--- PROBLEM DESCRIPTION ---
At the line containing "La sedia a sbalzo", begin an exact copy of the lines below and continue through the final one, with no pictures.

***** EXTRACTED INFORMATION

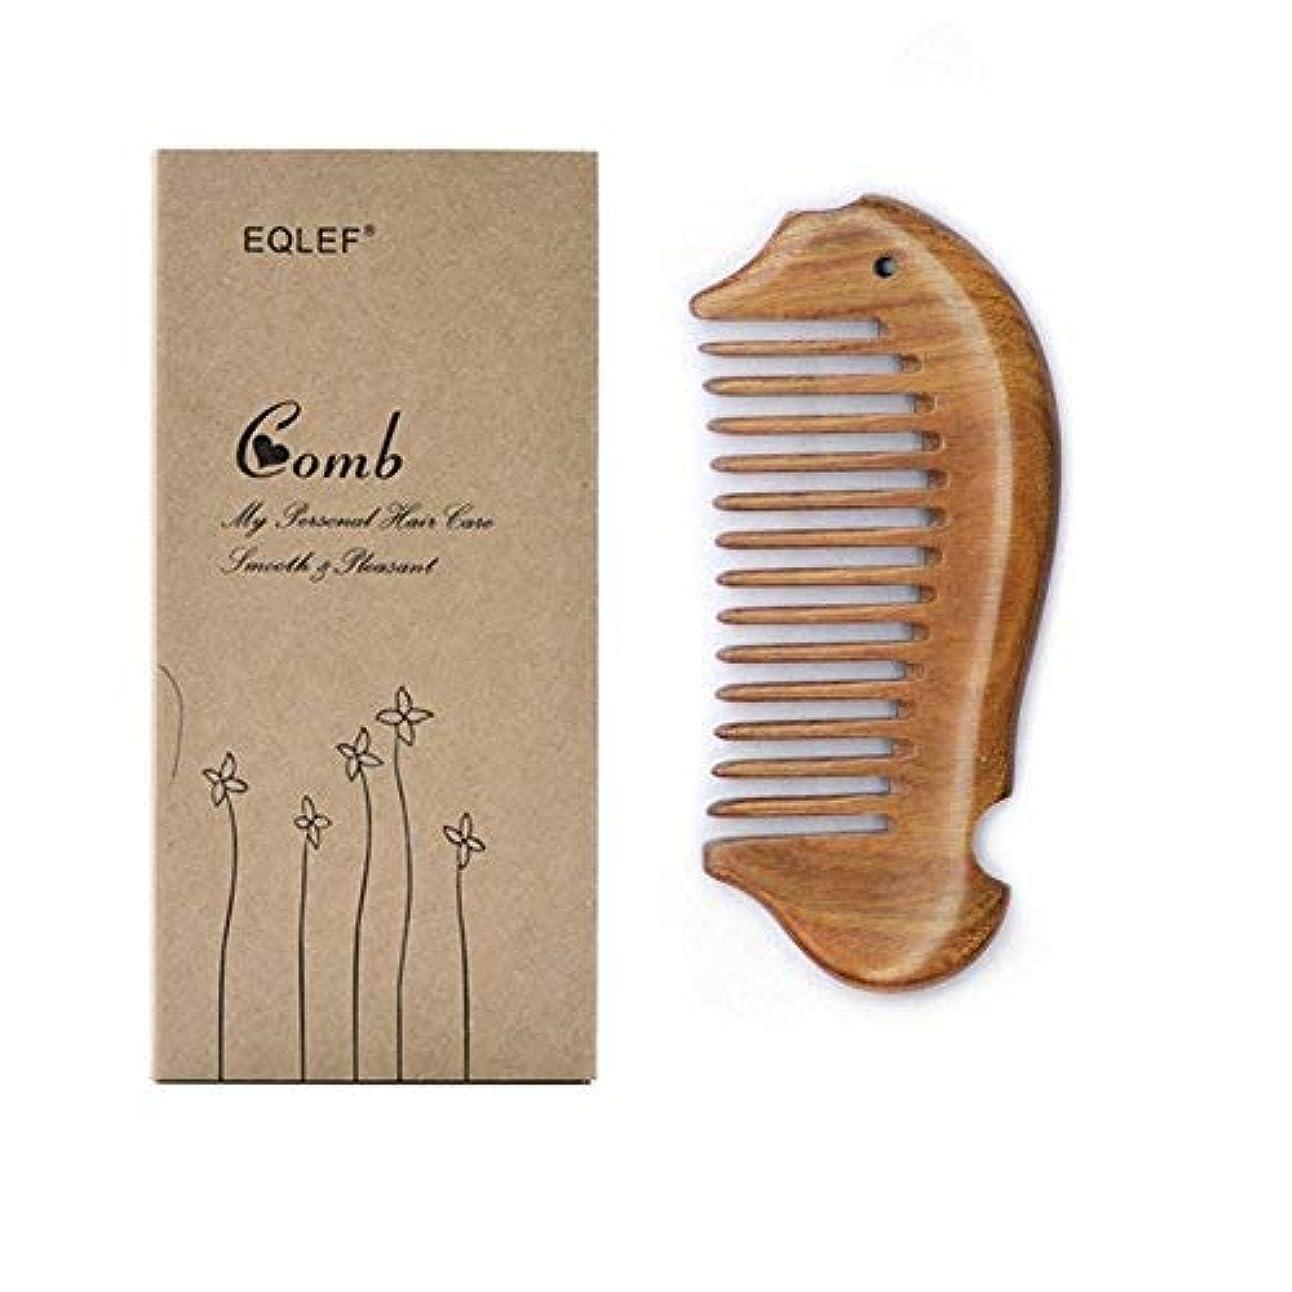 文法落ち込んでいるバイアスEQLEF? Fish shape Beard Comb Wooden Comb wide Tooth Green Sandalwood Pocket Comb Small Hair Comb Hair Brush [並行輸入品]
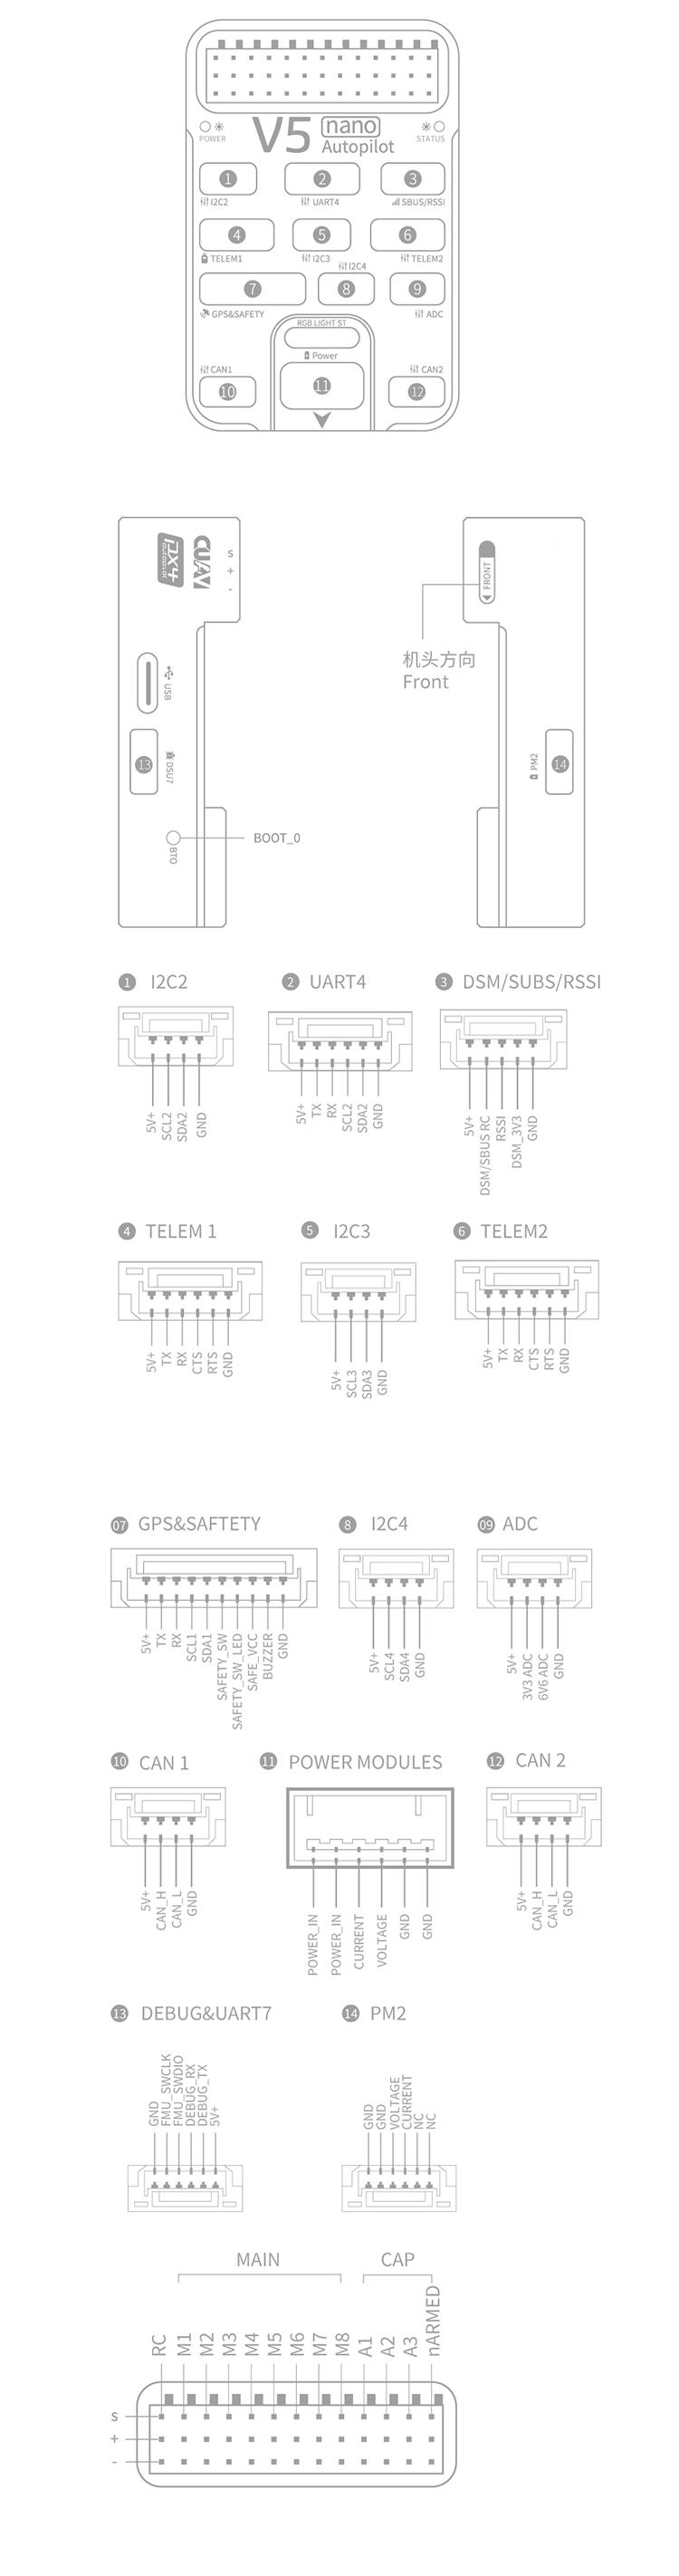 CUAV V5 Nano Overview — Copter documentation
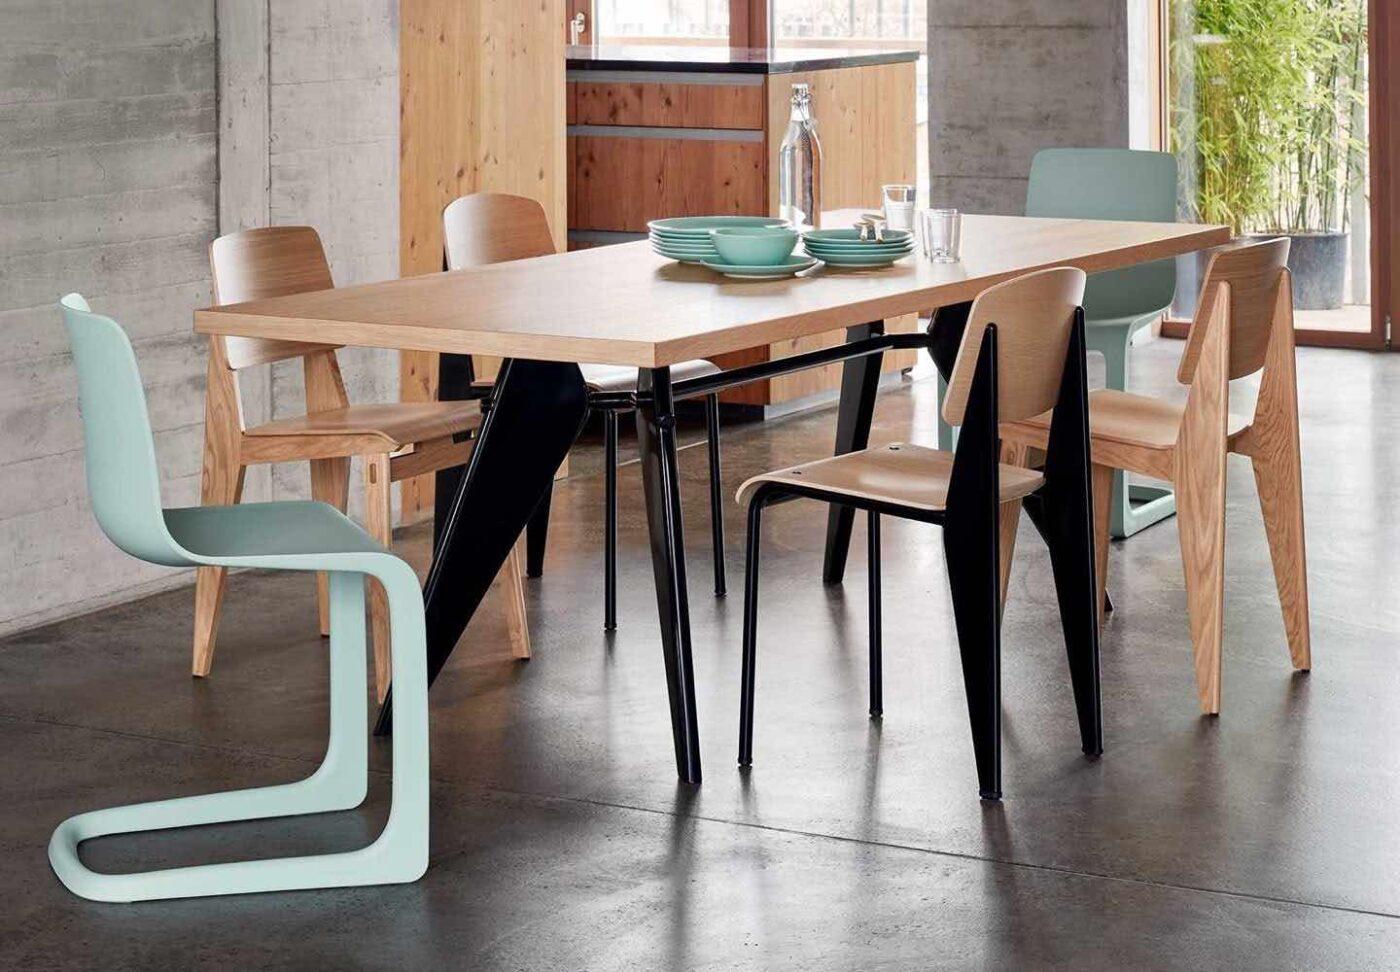 La sedia a sbalzo Vitra Evo-C in vendita online sullo shop Della Chiara
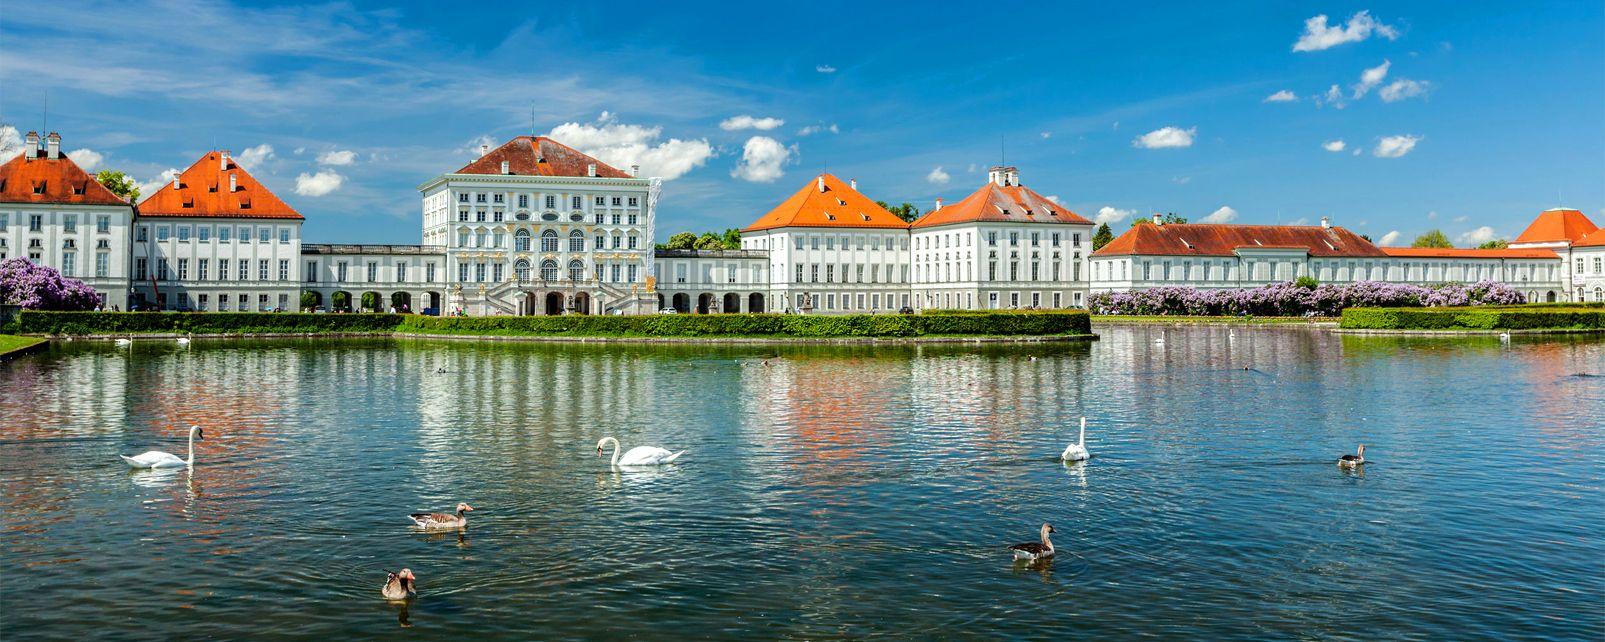 Das Nymphenburger Schloss, Die Monumente, Deutschland
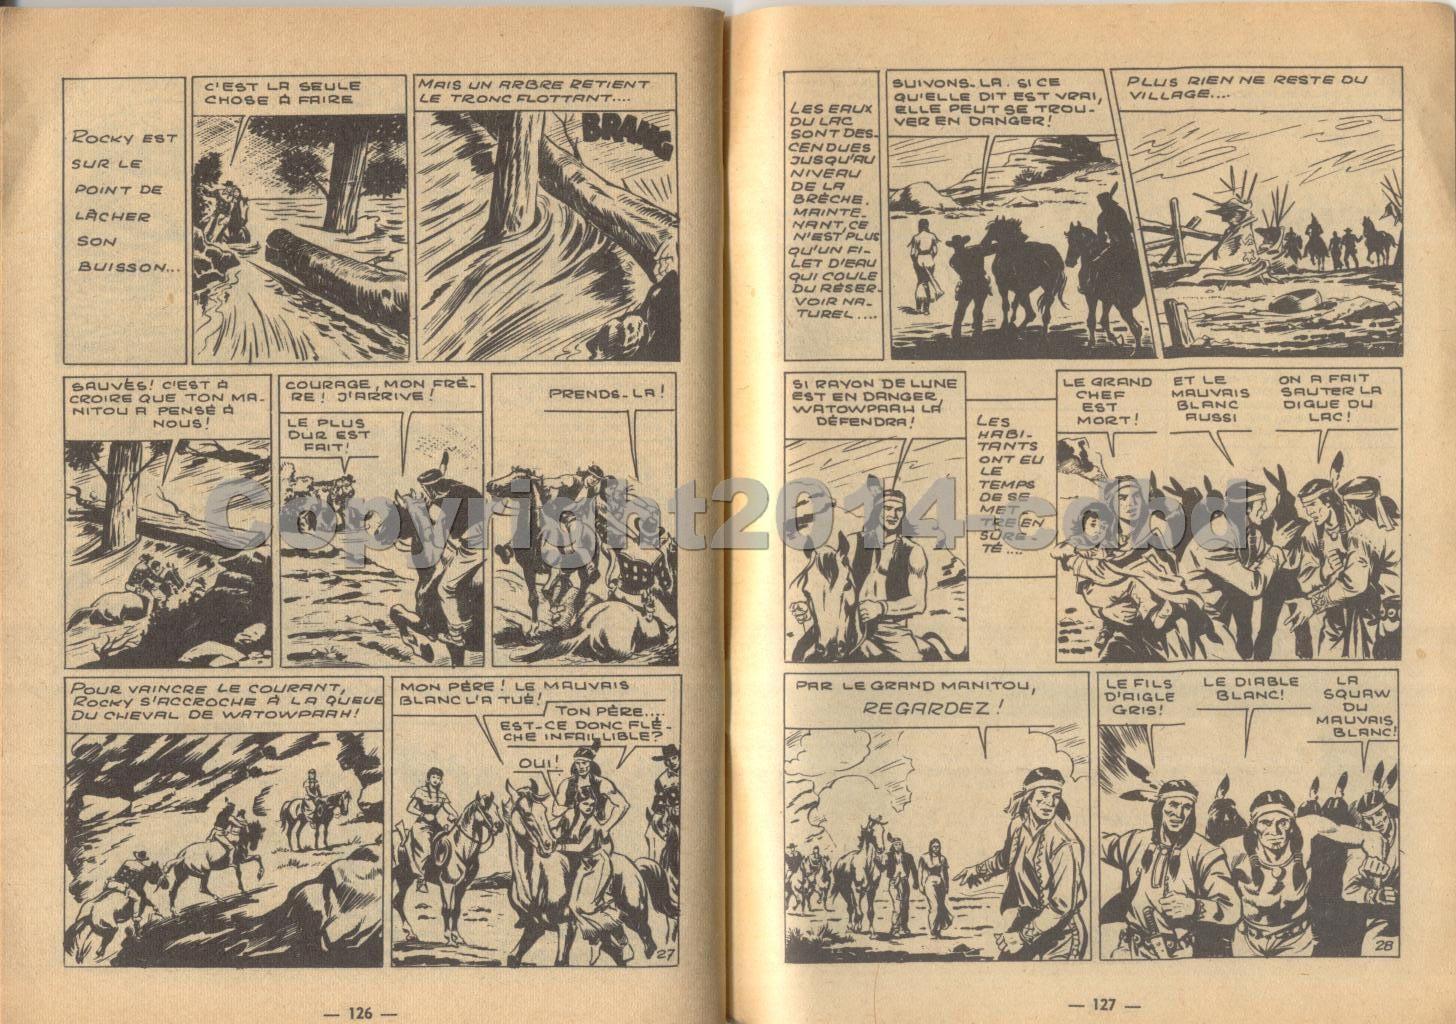 Yuma-Bourask mensuel n°7 du 15 Mai 1963 page 60 à fin

**********

--- WRITTEN RESPONSE ---
 La sedia a sbalzo Vitra Evo-C in vendita online sullo shop Della Chiara
 Das Nymphenburger Schloss, Die Monumente, Deutschland
 Yuma-Bourask mensuel n°7 du 15 Mai 1963 page 60 à fin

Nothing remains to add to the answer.